候補①金持ちになりたいな…。ギャンブルしかないか。
候補②彼女が欲しいな…。彼女いない歴=年齢という不要な経歴を消し去りたかった。
中学生の時、進路なんてなにも考えず唯一の友人だった男に誘われ、なんとなく工業高校の化学科に進んだのが運の尽き。
そこに待っていたのは男、男、男。密かに思い描いていたスクールラブ要素は何一つなかった。
元々化学への興味もなかった僕は、つまらない高校生活を送った。友人もできなかった。
僕を化学の道に引きずり込んだ唯一の友人はというと、受験に失敗し私立の普通科の高校に入り、入学初日に女子と「おはよう」という会話をしたと嘯いていたので絶交してやった。
文字通り僕はぼっちになってしまった。
相変わらず興味はなかったが試験を受けずに推薦で入れるというので大学も化学を専攻することにした。

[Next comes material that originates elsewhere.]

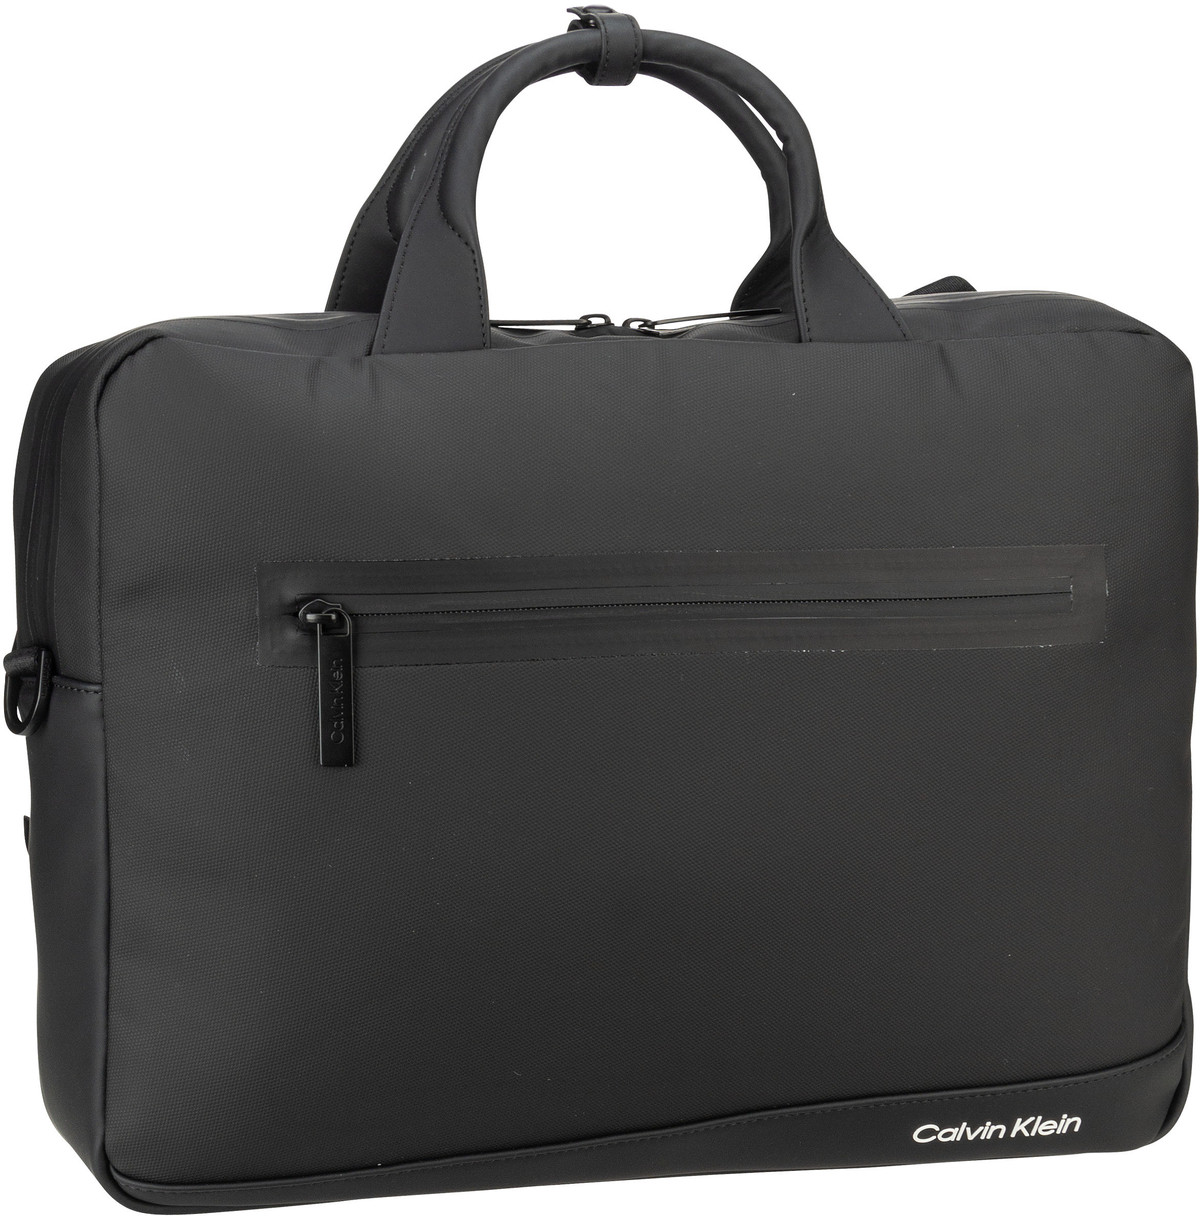 Calvin Klein Rubberized Conv Laptop Bag PSP24  in Schwarz (10.2 Liter), Aktentasche

なんとか卒業はできたが就活は全滅。仕事が決まらないままバイトを転々とし、生活していた。
そんな20代最後の目標は少しでも可能性のある「候補①金持ちになる」に決定した。
それがいけなかったのだ。元々僅かであった収入は全てギャンブルで使いきった。
まずは近所のパチンコ屋に入ってみた。よくわからないまま玉を打ち出すと、よくわからないまま当たっていた。
「楽勝じゃん」
これが罠だと気づけるはずもなく。自分の生まれ持った才能なのだと信じ込む。
その日の勝ち分は次の日には消え、その次の日には財布が空になっていた。
次に手を出したのは競馬だ。こっちの方が一攫千金の可能性がある。夢を買っているのだと自分を説得しお金を注ぎ込んだ。
貯金も底をつくと親の金にも手をつけ始める。のめり込めばのめり込むほど見境がなくなり、親にバレる頃には危ないところからお金を借りた後だった。
実際に借りたのは10万程だったと記憶しているが、請求が来たとき0が1つ増えていた。
そんなバカな話があるかと文句を言いに行ったが当然ボコられ脅された。…0がもう1つ増えてしまった。
親の金に手を出したことは親父にこっぴどく怒鳴られて終わったが、この借金のことがバレたらいよいよ絶縁されてしまう。ホームレスとして生きていく自信はなかった。
祖父が生きていたらきっと僕のことを庇ってくれただろう。
そんなことを考えていたとき、あの物置小屋のことを思い出したのだった。